Given the important role of immune dysregulation in the development of GDM [48], here we investigated the serum levels of specific autoimmune antibodies as potential first-trimester biomarkers for GDM. We found decreased OD values at 450 nm for total IgM, total IgG, aPS IgA, and aPS-IgG IC in the GDM group than in the control group, indicating the decreased antibody responses in the early stage of pregnancy may lead to the development of GDM. This reduction in antibody levels suggests a potential B-cell defect in GDM patients, characterized by insulin resistance [49], where B cells are crucial for producing antibodies and cytokines that regulate immune responses [50]. Dysfunction of B cells may thus cause a decreased immune response and decreased autoimmune antibody levels. Moreover, the disturbance of inflammatory factors could interact with immune reactions, contributing to altered autoimmune antibody expression in the GDM pathophysiological process.

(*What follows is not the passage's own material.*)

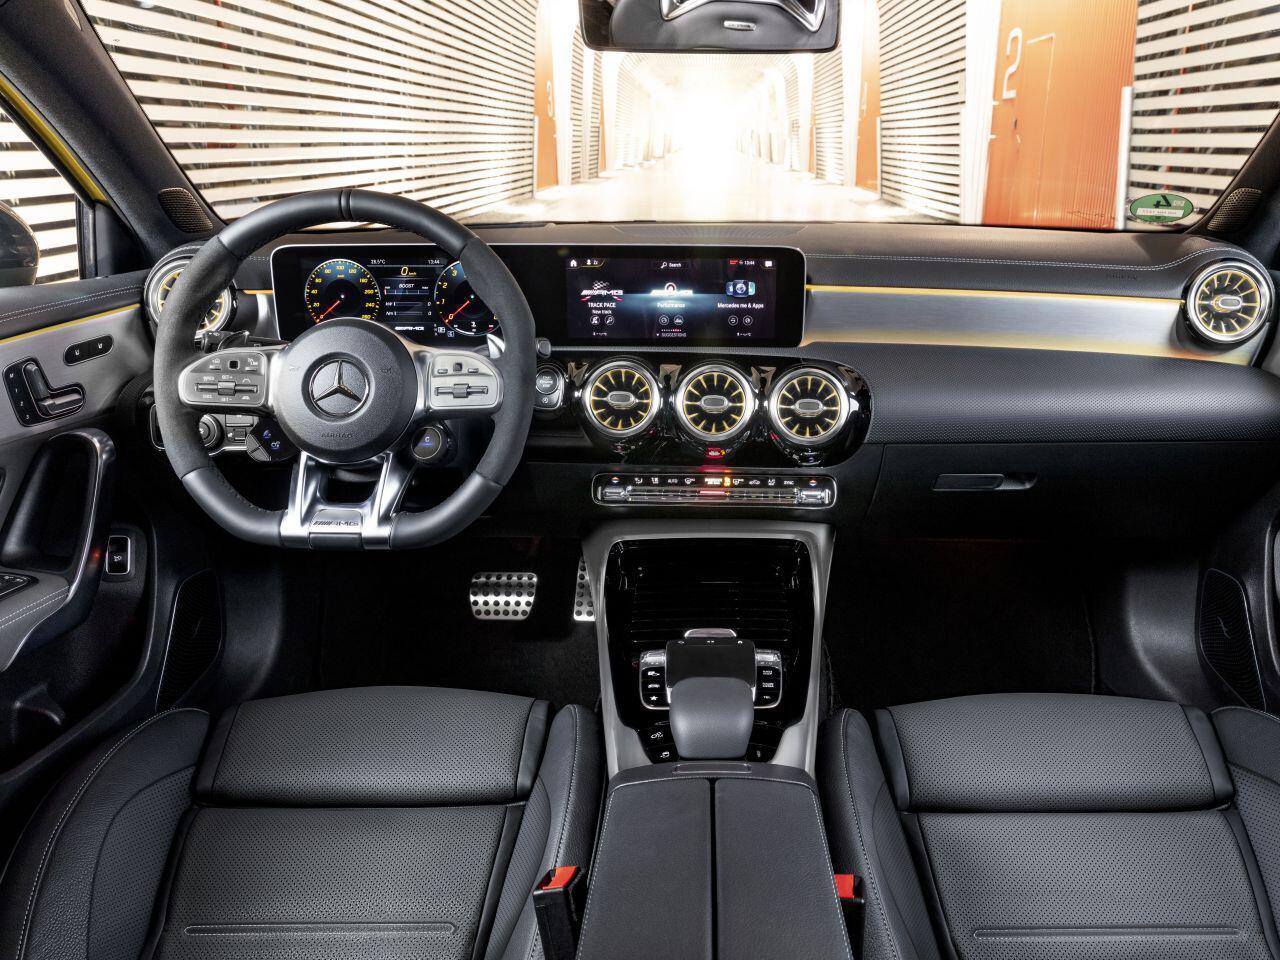 Bild zu Neue AMG Lenkradgeneration

Our findings support the notion that autoimmunity plays a role in GDM development, highlighting the importance of further investigating autoimmune responses in early pregnancy as a potential pathway to understanding GDM pathogenesis.

Our study was strengthened by strict inclusion and exclusion criteria, the use of propensity score matching (PSM) to ensure comparability of baseline characteristics, and the emphasis on high-risk populations who underwent IVF treatment. Although we excluded other complications such as HDP, 3 women (7.9%) in the GDM group and 2 women (5.3%) in the control group who delivered SGA infants were observed, which may have marginally affected our findings considering the similar inflammatory processes and dysregulation of immune of SGA with GDM. In addition, our study was limited by the small sample size and retrospective nature, and prospective studies with larger cohorts are needed to confirm our findings. However, owing to the limitations of the sample volume, we did not have available data regarding the fasting plasma glucose (FPG), serum insulin levels or insulin resistance during pregnancy. Correlating these clinical markers with available clinical measurements would have added value. Furthermore, our study cohort was restricted to women who conceived through IVF, and the applicability of our findings to women who conceive spontaneously warrants future investigation.

Conclusions

In conclusion, alterations of first-trimester serum cytokines and autoimmune antibodies were observed in women undergoing IVF treatment who subsequently developed GDM. A combined analysis of five significantly altered biomarkers, including total IgG, total IgM, IL-7, aPS-IgG IC, and IL-15 yielded pronounced predictive values prior to the typical screening period for GDM.